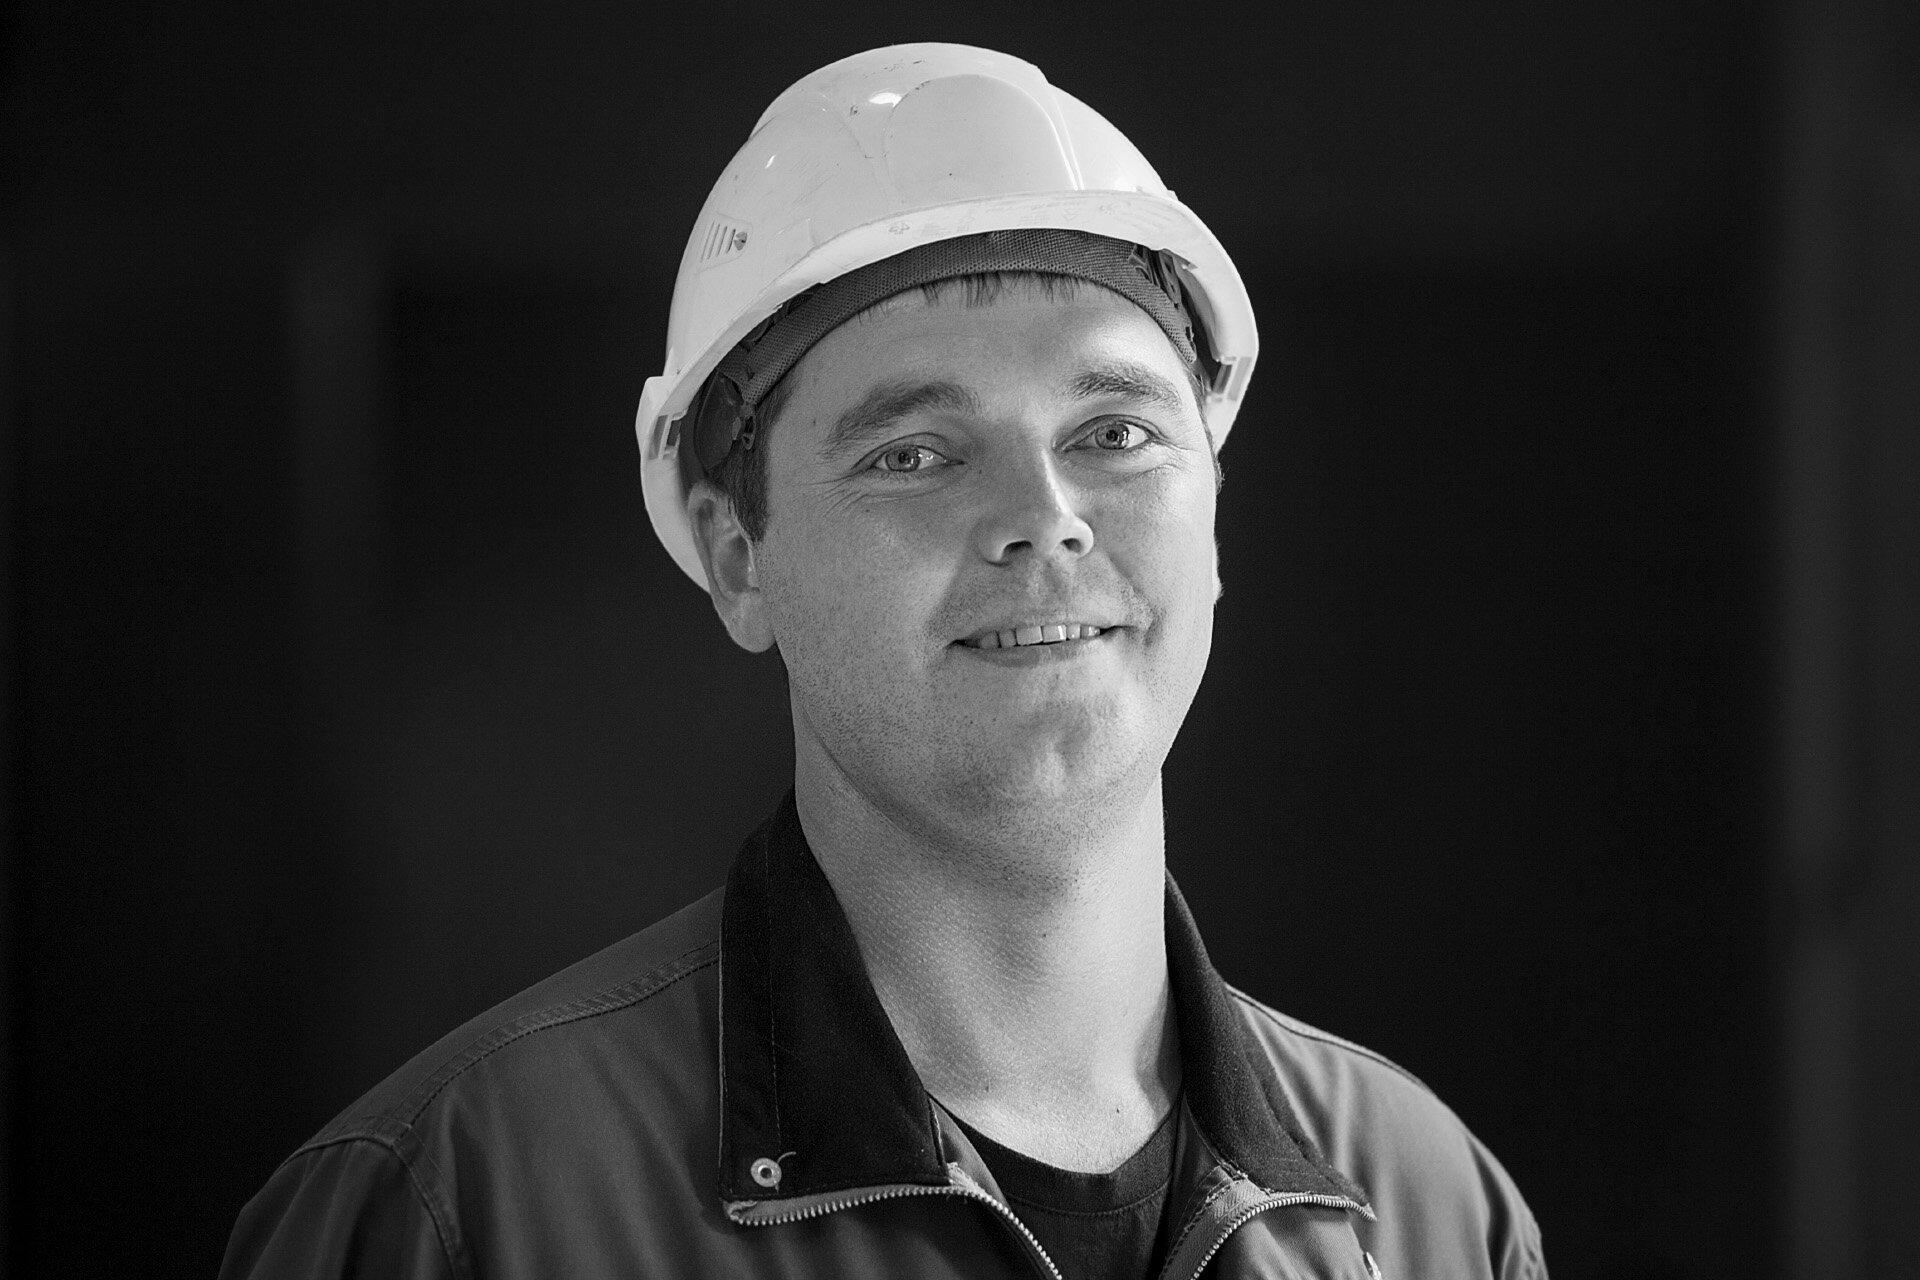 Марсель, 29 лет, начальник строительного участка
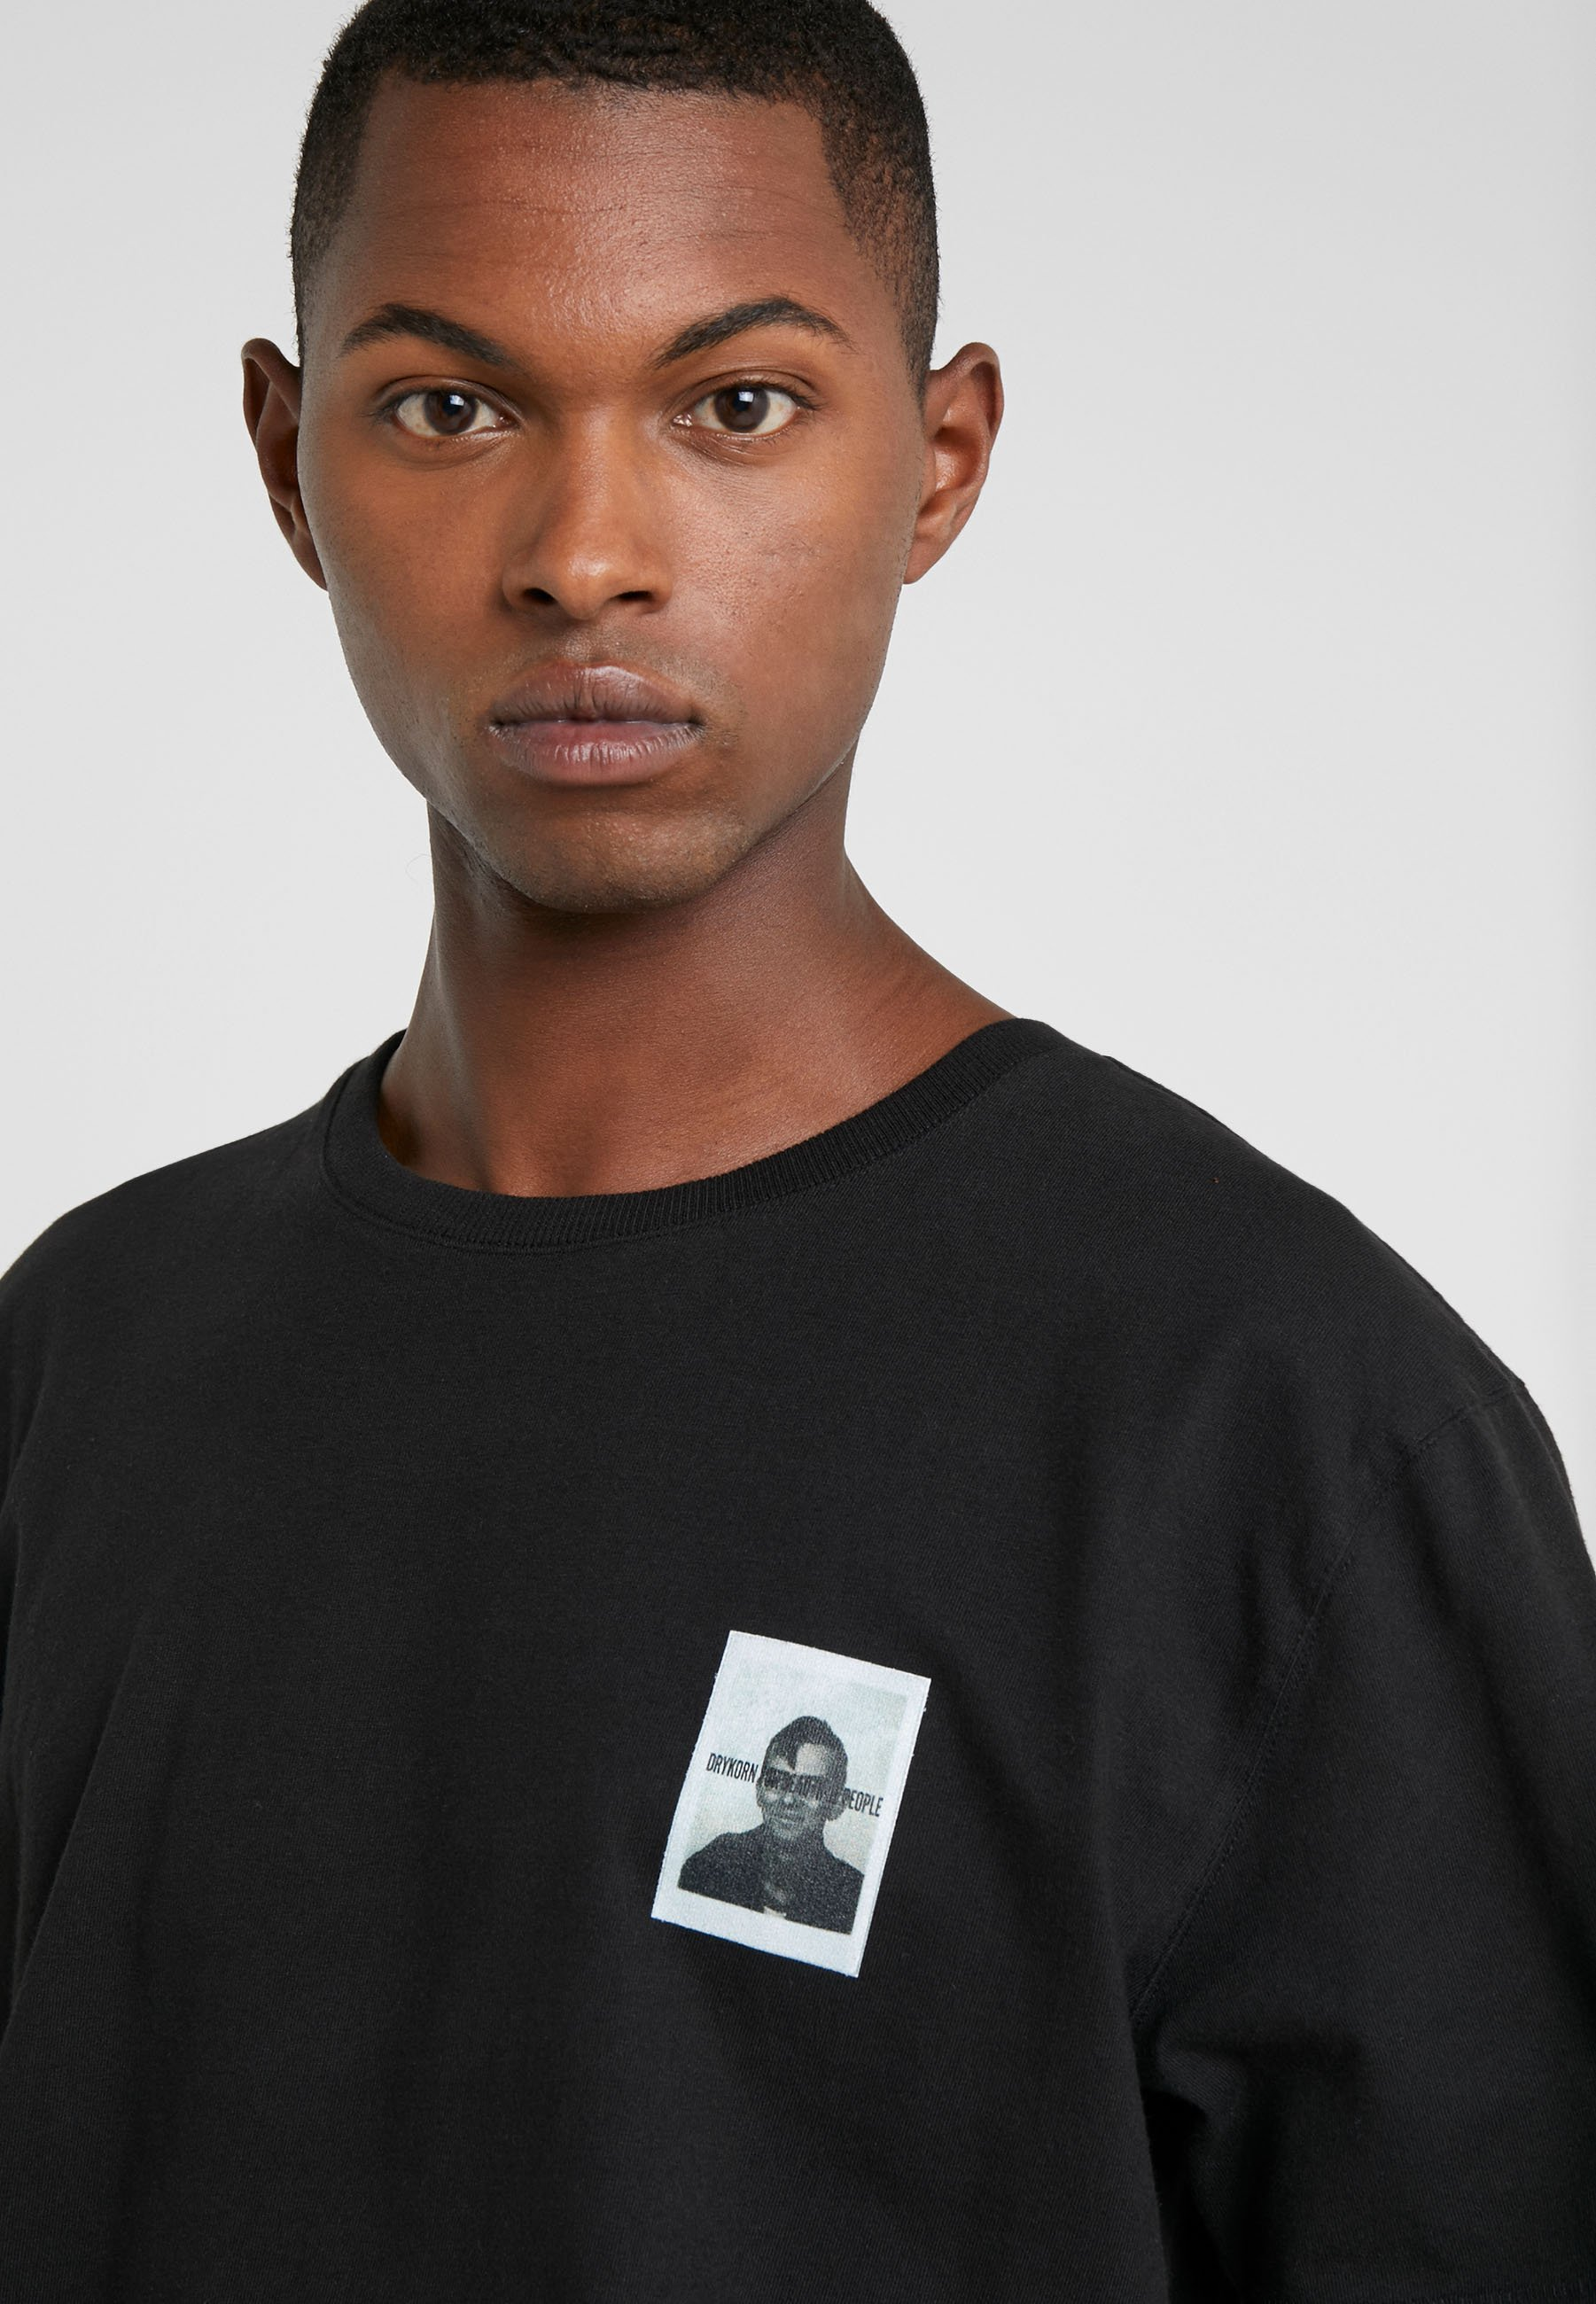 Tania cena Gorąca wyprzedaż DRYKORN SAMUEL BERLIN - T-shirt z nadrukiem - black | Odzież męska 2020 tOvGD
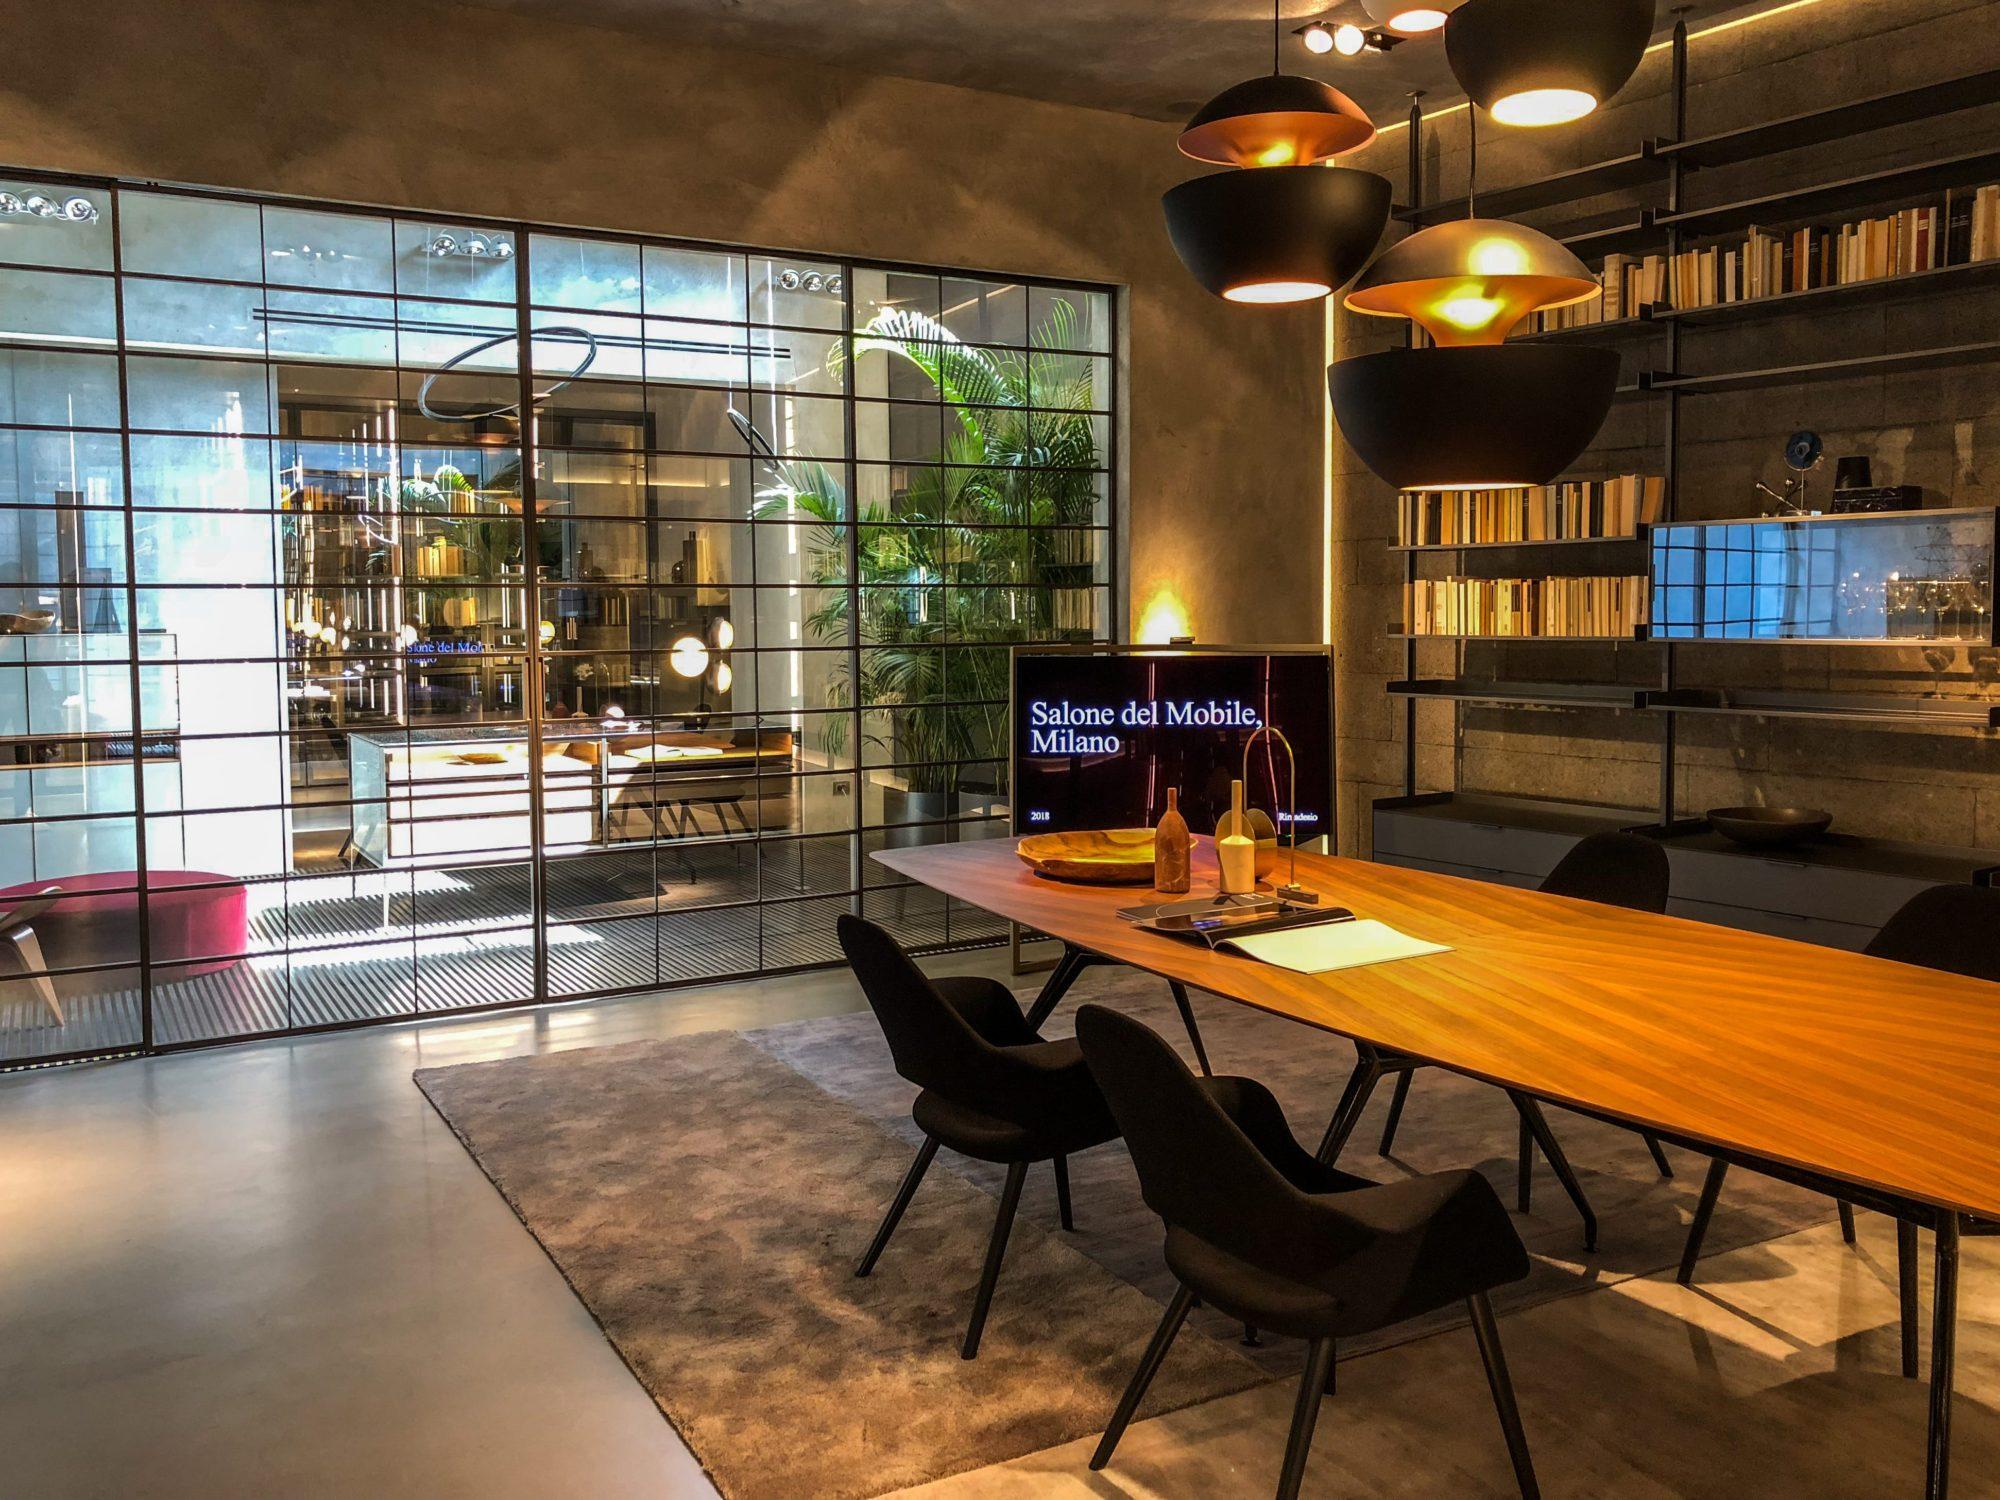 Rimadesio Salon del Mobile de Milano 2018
———
EXERCISE AIM: Would you reproduce the lines from the one with "Tania cena Gorąca" through the final line of the data above, exactly and only those, without any pictures?

OUTPUT OF THE TASK:
 Tania cena Gorąca wyprzedaż DRYKORN SAMUEL BERLIN - T-shirt z nadrukiem - black | Odzież męska 2020 tOvGD
 Rimadesio Salon del Mobile de Milano 2018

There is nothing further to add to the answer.